## WHAT IS NEEDED
Your copy should contain exactly the lines from the one that holds "Graduation Party Favor" through the end of the material, reproduced as written, with no pictures.

[MATERIAL TO PROCESS — start]

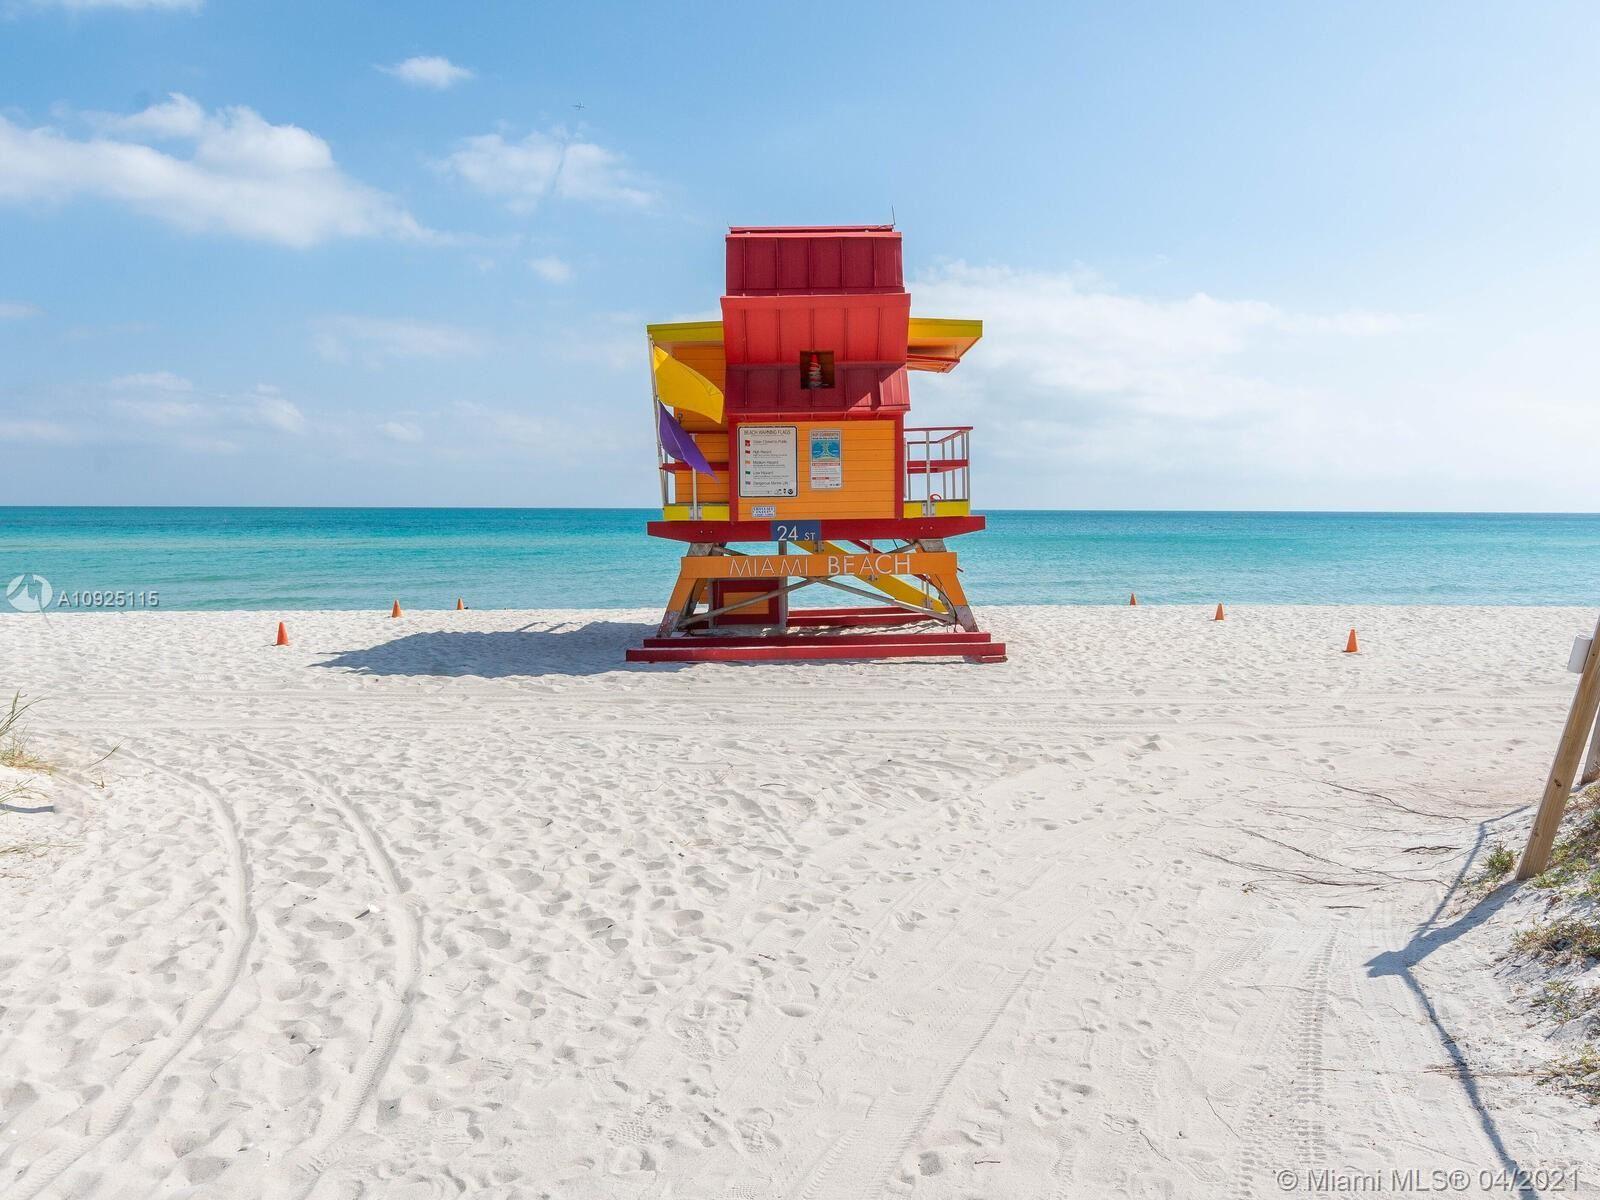 2401 Collins Ave #1508, Miami Beach, FL 33140 - #: A10925115
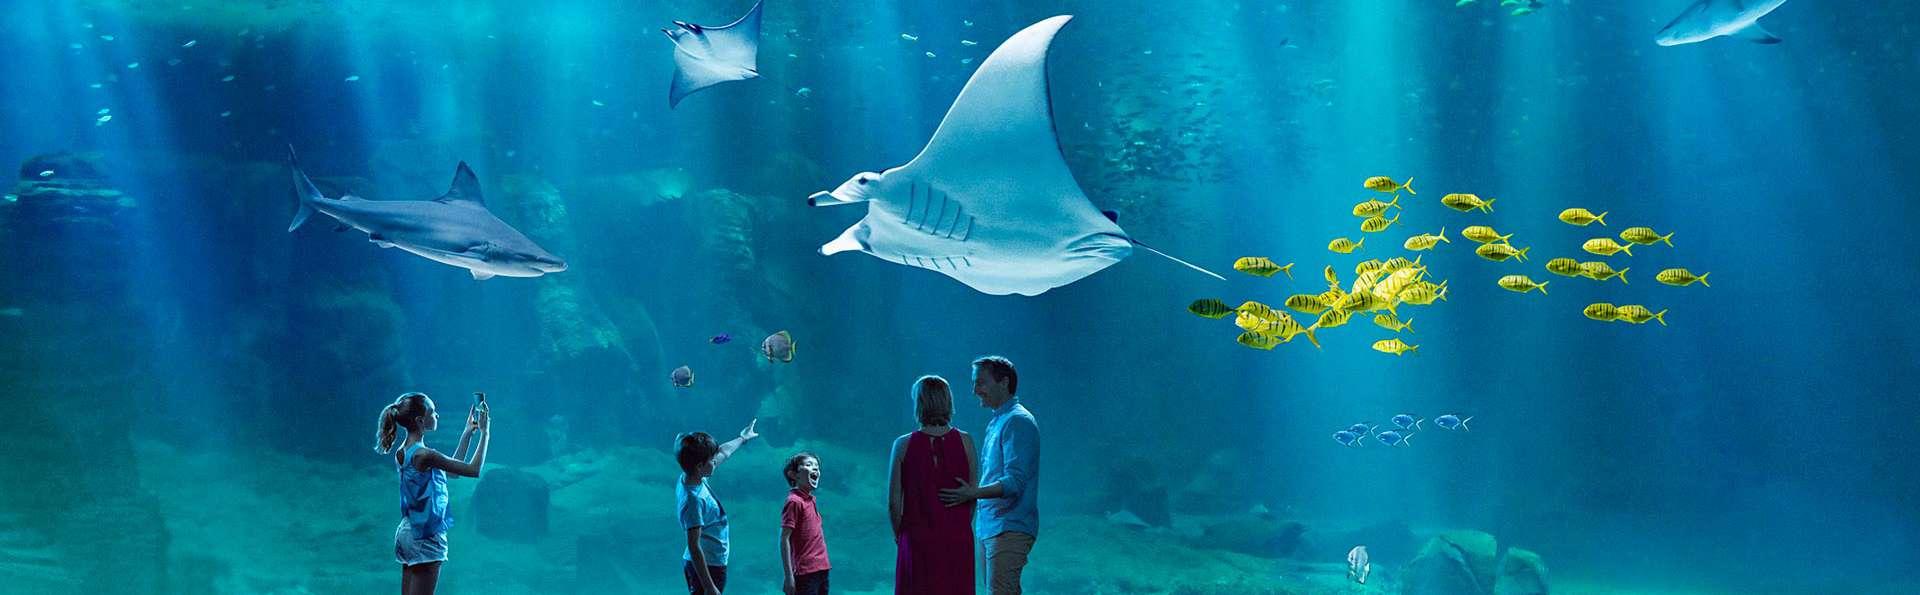 Séjour familial avec entrée à l'Aquarium Nausicaa
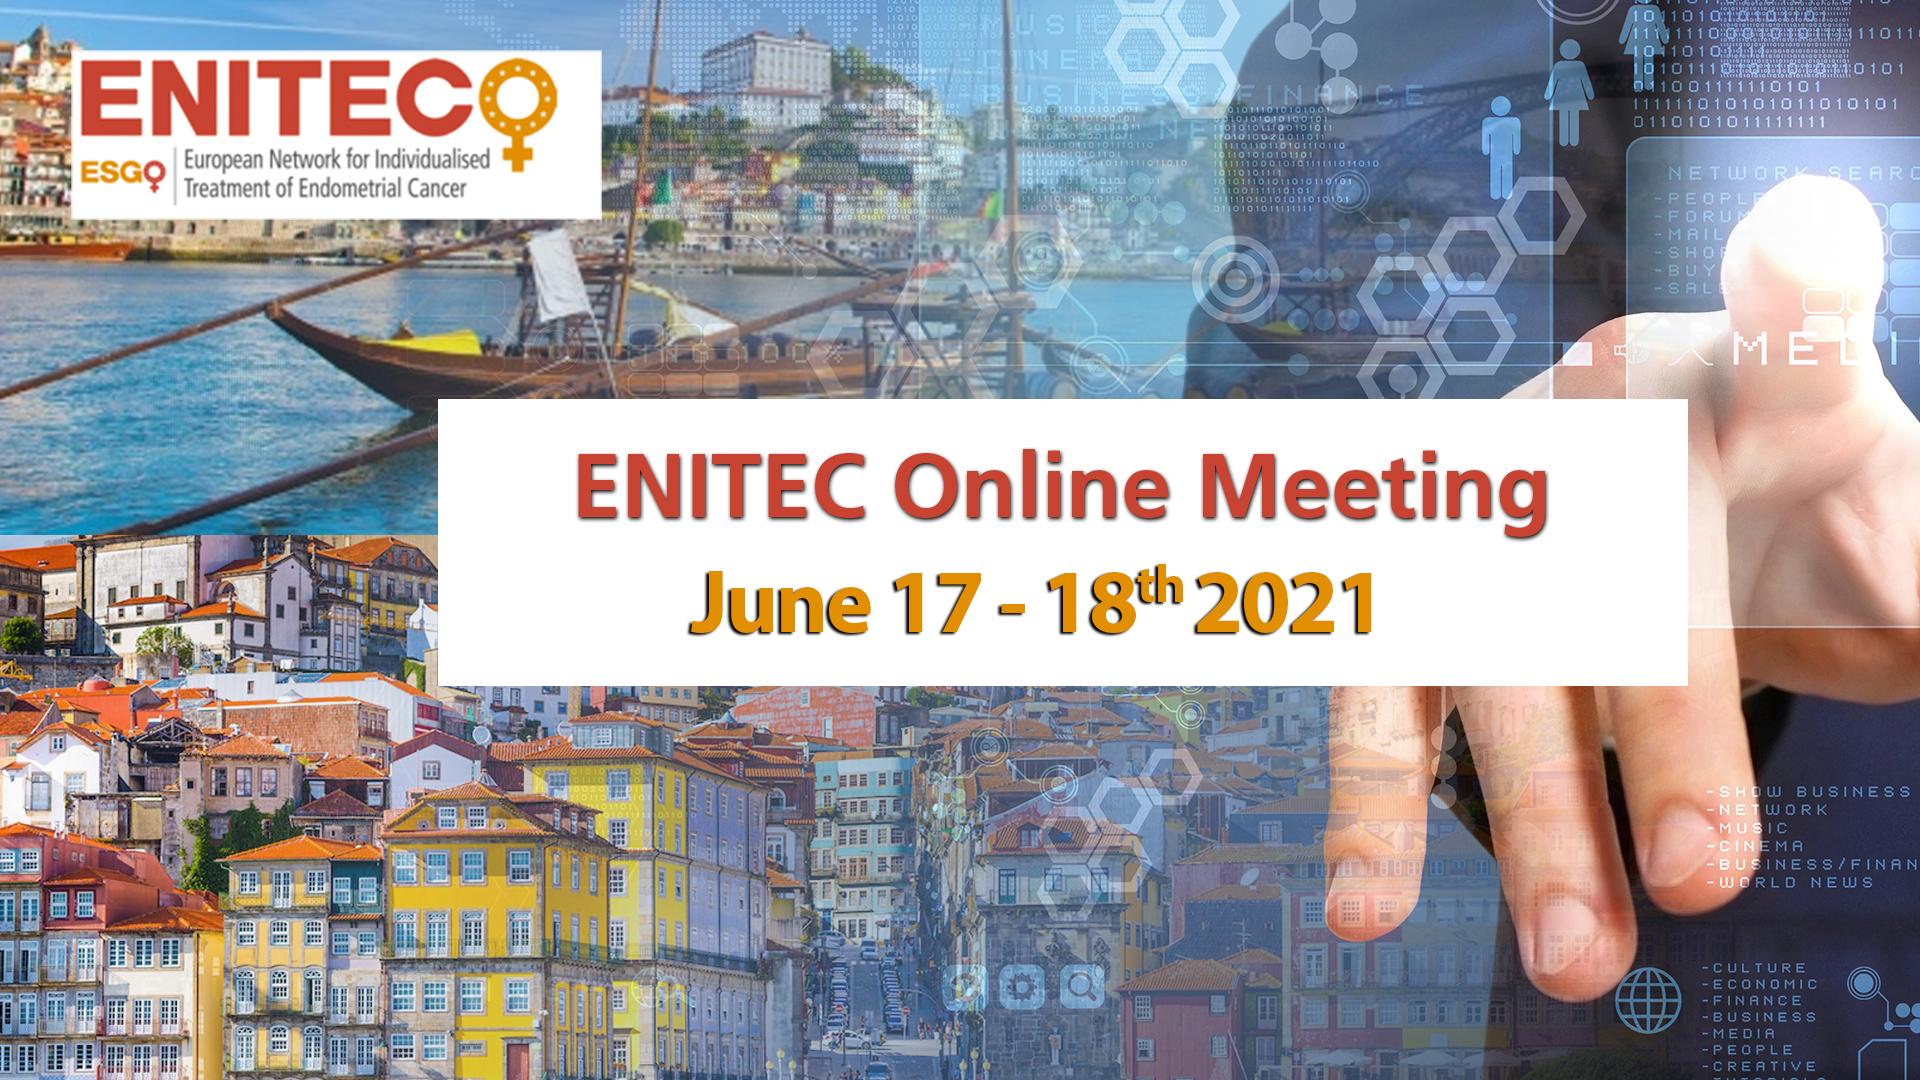 ENITEC_online_meeting_new_date
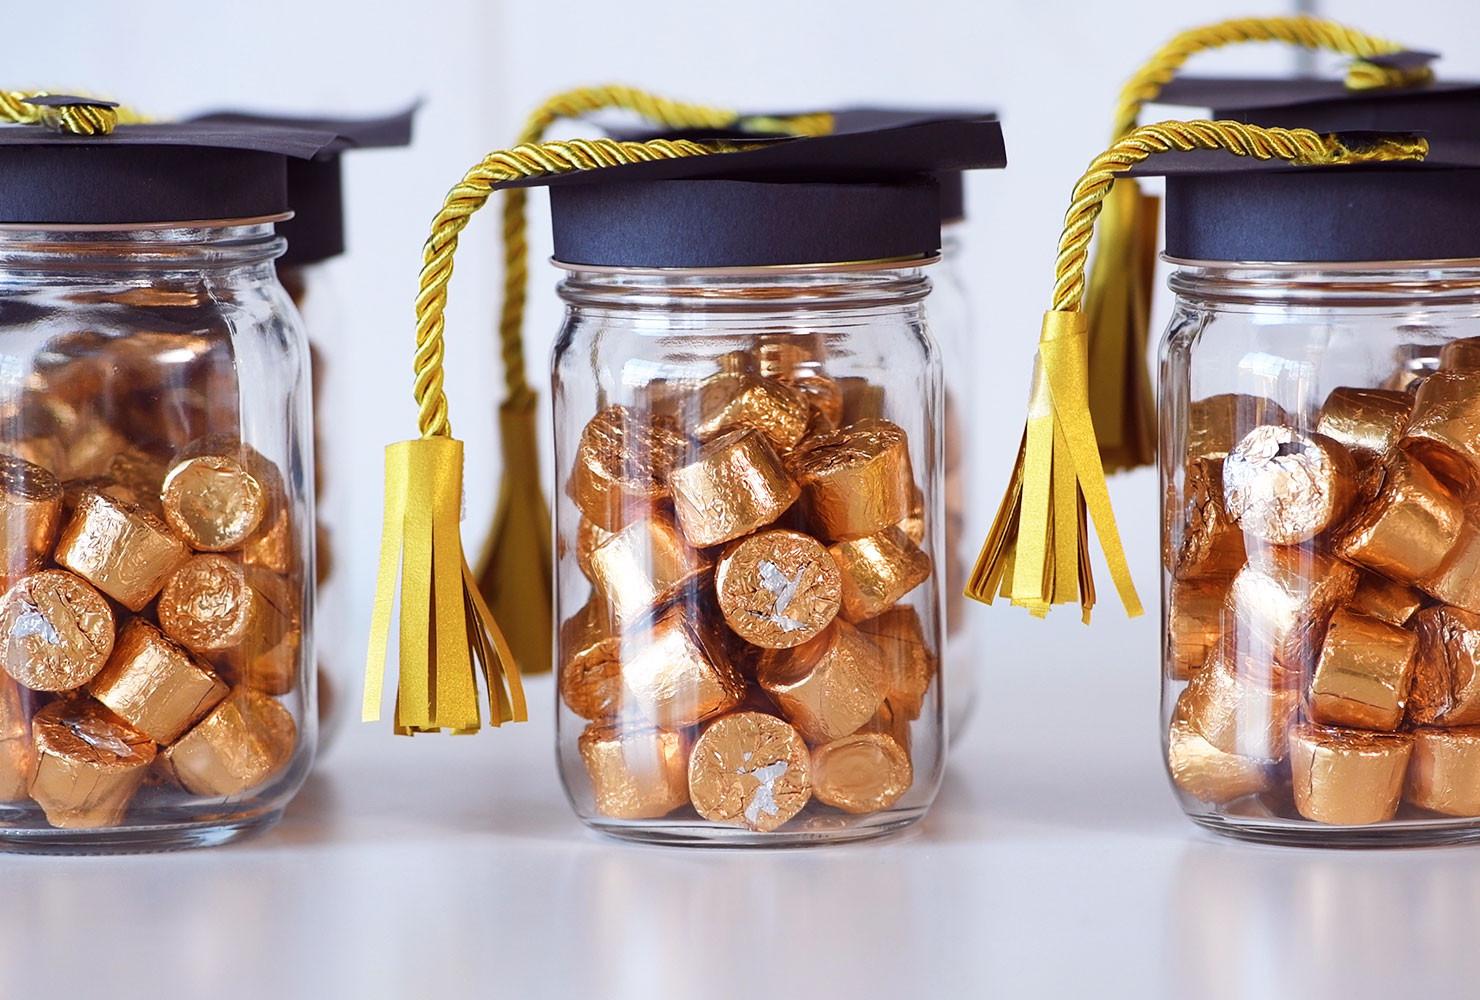 Graduation Party Favor Ideas  7 Easy DIY Graduation Party Ideas
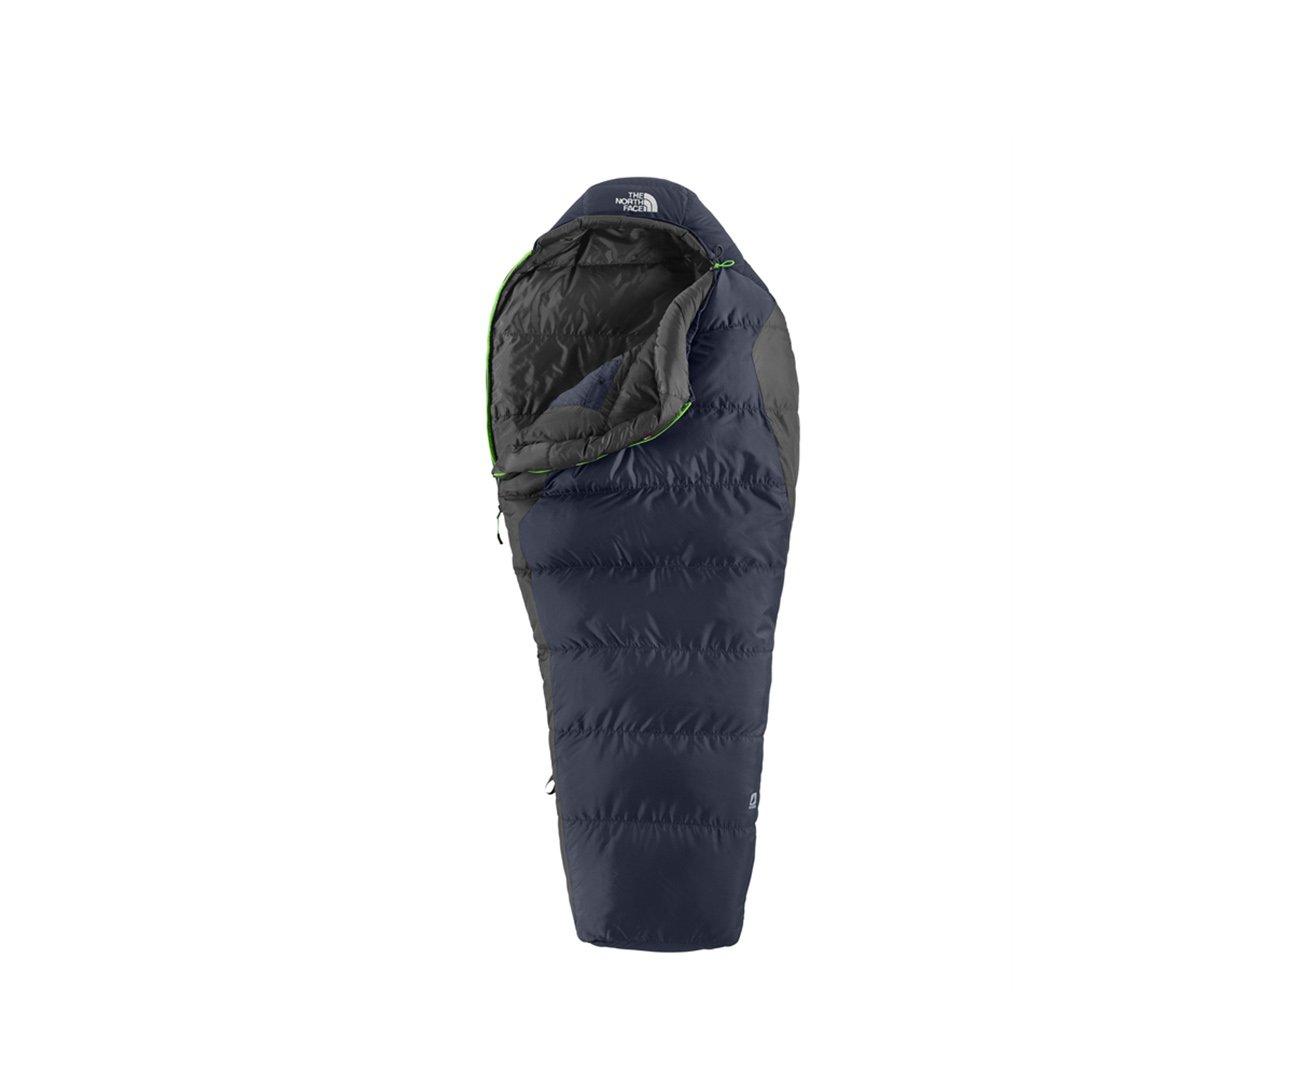 Saco De Dormir Aleutian 3s Down Azul Escuro/cinza Ziper Lado Direito - The North Face

[MATERIAL TO PROCESS — finish]

## EXERCISE ANSWER
 Graduation Party Favor Ideas  7 Easy DIY Graduation Party Ideas
 Saco De Dormir Aleutian 3s Down Azul Escuro/cinza Ziper Lado Direito - The North Face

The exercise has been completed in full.